Tax law changes for 2018 include some new restrictions on mortgage interest deductions. These limits apply only to your personal residence and second home, not to your investment or rental properties. If you own a home or are thinking of buying one, please read on to see if you are affected by these changes. 

Mortgage Interest

PREVIOUS LAW: individuals could deduct interest paid on loans of up to $1,000,000 in mortgage debt plus $100,000 of home equity debt. Home equity debt would be a Line of Credit or Loan taken to pull cash from the equity of your home before you sell it--regardless if cash is used for home improvements or not. 

NEW LAW: For loans acquired after Dec 15th, 2017, only interest paid on loans of up to $750,000 in total mortgage debt (on first and second homes combined) is deductible. Dec 15th date applies to both purchases and refinances, so this is a new consideration for someone refinancing--if your loan balances exceed $750,000. This new limit is also cut in half if you are married but filing separately.

Most people will not be affected by this change (unless you live in NYC or San Fran), but if you have mortgages on a personal home (or two) that exceed $750,000, it's important to do some tax planning to avoid a surprise at tax time. 

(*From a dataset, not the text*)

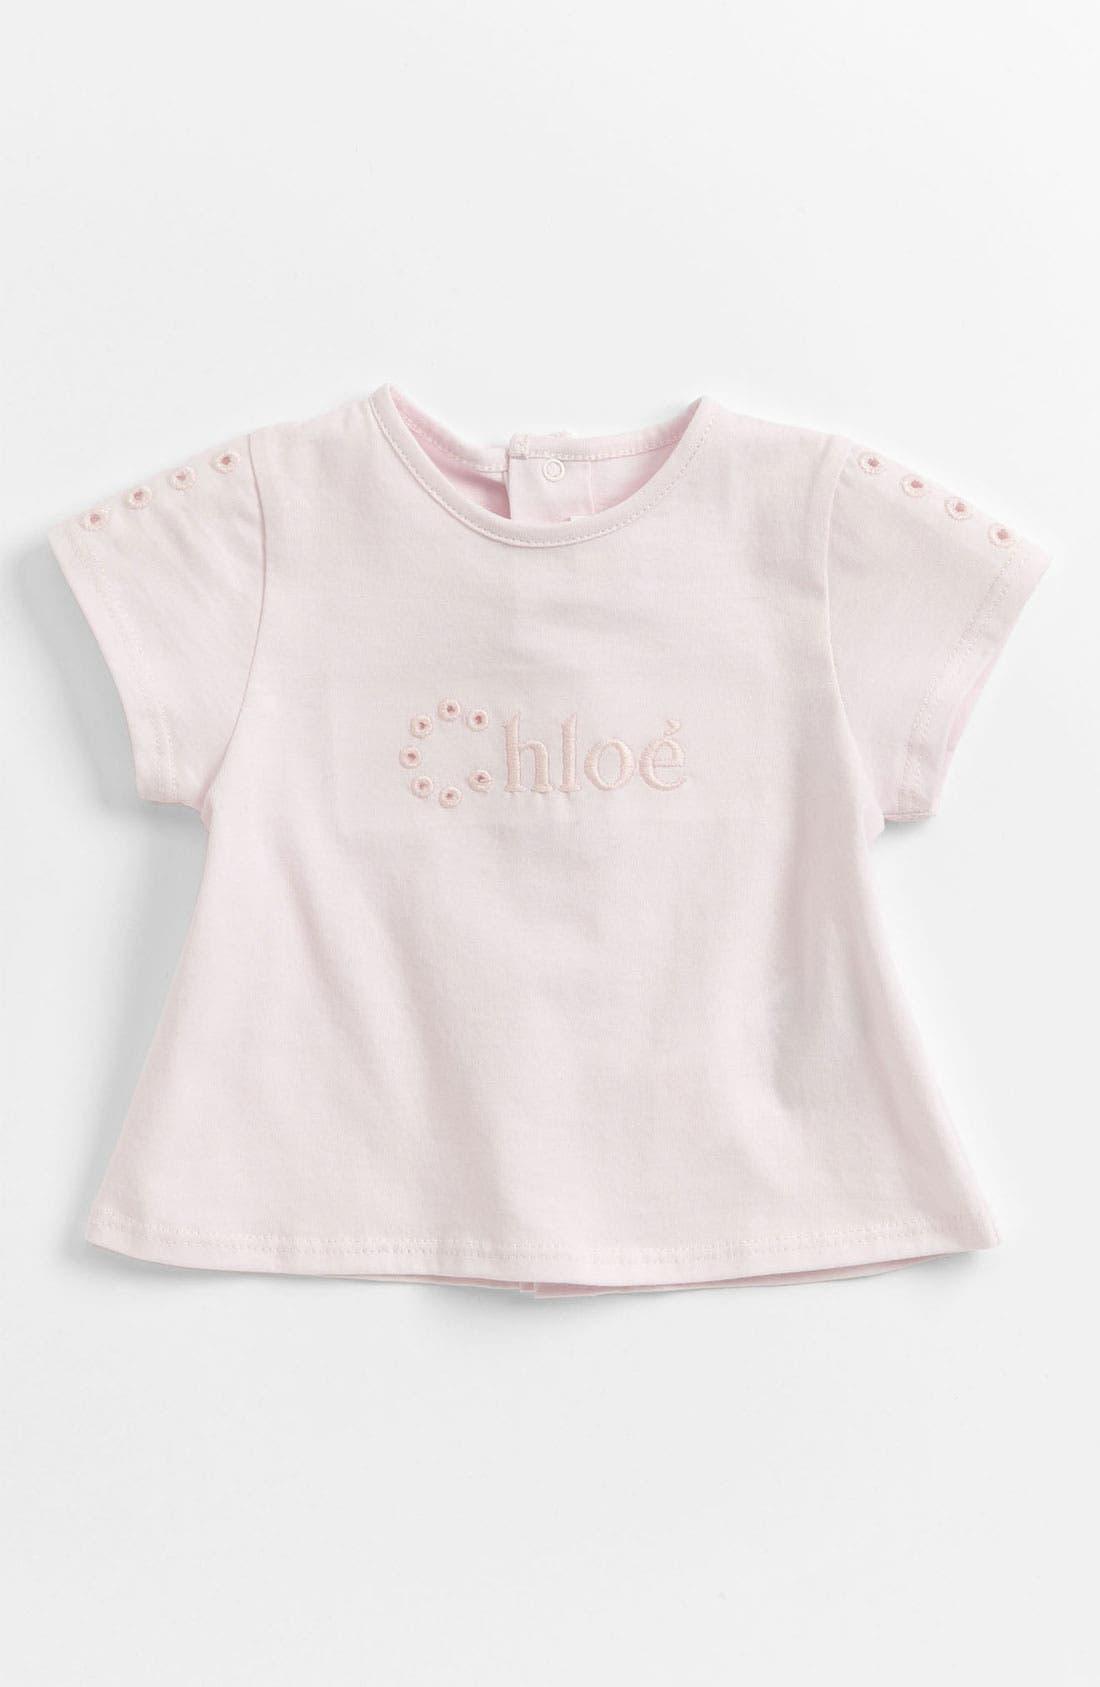 Main Image - Chloé Eyelet Logo Tee (Baby)

Contact Us if you have any questions and/or are considering refinancing a larger loan.

Home Equity Loan Interest

Often called home equity lines of credit (HELOC), second mortgages or just home equity loans, these loans can be used for a variety of reasons: pay off credit card debt, buy a boat, fill a kiddie pool with dollar bills and literally swim in your own debt, or maybe get that dream kitchen.

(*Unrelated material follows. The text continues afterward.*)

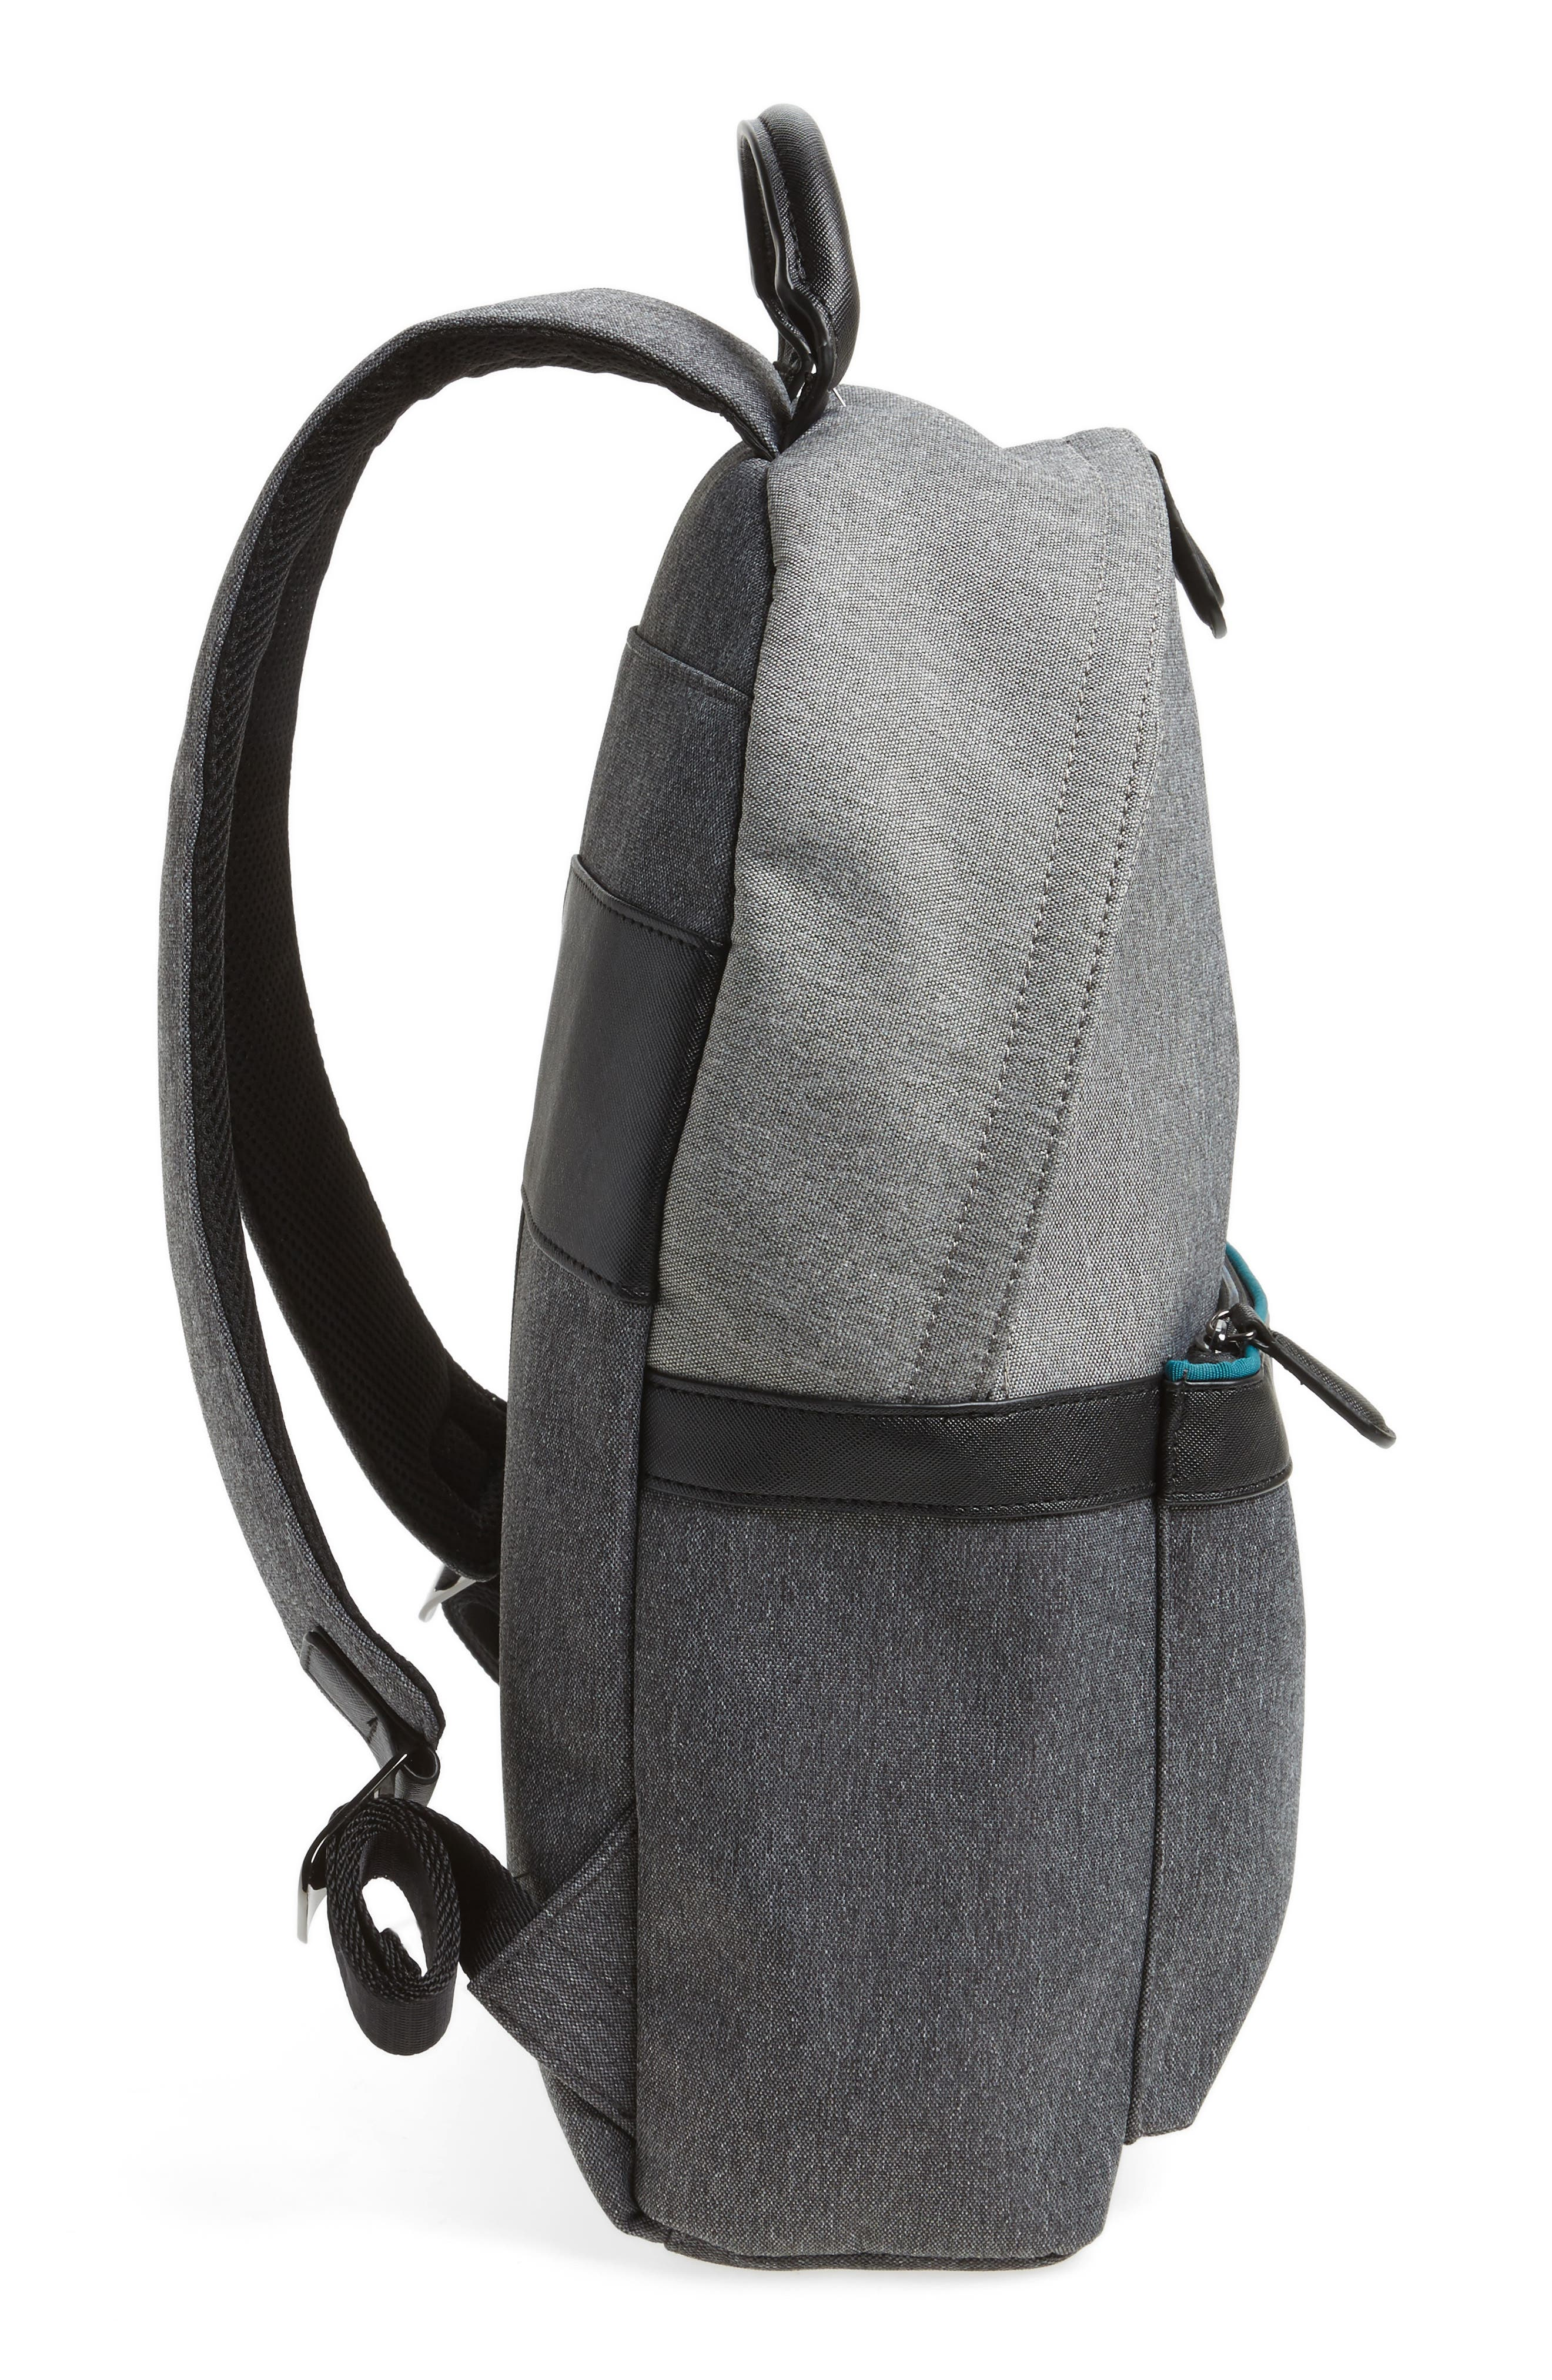 Zirabi Backpack,                             Alternate thumbnail 5, color,                             030

PREVIOUS LAW: You could deduct up to $100,000 in non-home acquisition debt, meaning regardless of what you did with the loan proceeds, you could deduct interest as Home Equity Loan Interest (on up to $100k in funds).

NEW LAW: If the debt was obtained to acquire or improve your home, no problem, that is still deductible if ALL loans are still under the new $750k debt limit above. But if loan proceeds were used for any reason other than home improvement/purchase, you can no longer deduct that interest. This limitation on Home Equity loans is for ALL loans, NOT just new loans after December 15th, 2017. So if you took out a line of credit on your house 3 years ago to pay down your student loans and remodel your bathroom, we'll need to know the breakdown on how much you used for each.

There is some good news: if you used a home equity loan to pay for a mix of house improvements and personal expenses, the IRS assumes you pay off the principal balance for personal expenses first. For example, if you took out $40,000 HELOC five years ago for a $15,000 car and $25,000 kitchen and the balance on the loan is currently under $25,000, you can deduct all the interest on the loan as the IRS will consider the car paid off and entire interest payment would be for the kitchen now.

easy, right?

Or not. These new rules can get complicated for some, and for others, it may not matter at all as the new standard deduction may limit your entire mortgage deduction either way.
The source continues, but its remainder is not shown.